- **ACTION ITEM**:
Please count the lines below that hold the word "table" and give the count without any other text.

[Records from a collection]
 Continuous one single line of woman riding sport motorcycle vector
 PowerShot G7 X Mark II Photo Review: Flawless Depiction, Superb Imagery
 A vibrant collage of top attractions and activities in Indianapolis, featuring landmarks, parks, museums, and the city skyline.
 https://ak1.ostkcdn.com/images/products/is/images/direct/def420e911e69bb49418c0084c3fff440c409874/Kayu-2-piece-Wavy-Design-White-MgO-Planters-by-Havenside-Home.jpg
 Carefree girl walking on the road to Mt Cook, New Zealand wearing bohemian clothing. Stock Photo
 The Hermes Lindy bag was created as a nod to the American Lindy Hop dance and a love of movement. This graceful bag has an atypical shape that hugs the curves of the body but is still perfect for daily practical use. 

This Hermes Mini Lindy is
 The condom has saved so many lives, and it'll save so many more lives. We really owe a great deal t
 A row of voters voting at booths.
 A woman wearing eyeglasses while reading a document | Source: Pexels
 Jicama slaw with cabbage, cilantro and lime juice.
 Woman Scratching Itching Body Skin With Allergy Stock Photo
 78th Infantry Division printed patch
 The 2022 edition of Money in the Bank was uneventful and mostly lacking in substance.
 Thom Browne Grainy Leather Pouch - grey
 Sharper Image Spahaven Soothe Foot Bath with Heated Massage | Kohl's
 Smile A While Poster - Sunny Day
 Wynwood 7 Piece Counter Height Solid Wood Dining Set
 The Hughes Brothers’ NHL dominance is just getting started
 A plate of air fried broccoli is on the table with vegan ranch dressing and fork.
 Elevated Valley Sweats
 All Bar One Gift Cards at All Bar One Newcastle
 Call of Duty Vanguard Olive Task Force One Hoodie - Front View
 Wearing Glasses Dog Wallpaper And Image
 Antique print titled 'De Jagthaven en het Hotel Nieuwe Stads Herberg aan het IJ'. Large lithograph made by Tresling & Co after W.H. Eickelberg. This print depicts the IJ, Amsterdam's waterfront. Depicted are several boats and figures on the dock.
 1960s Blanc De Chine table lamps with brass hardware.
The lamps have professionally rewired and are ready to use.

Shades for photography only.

- **RESPONSE BELOW**:
2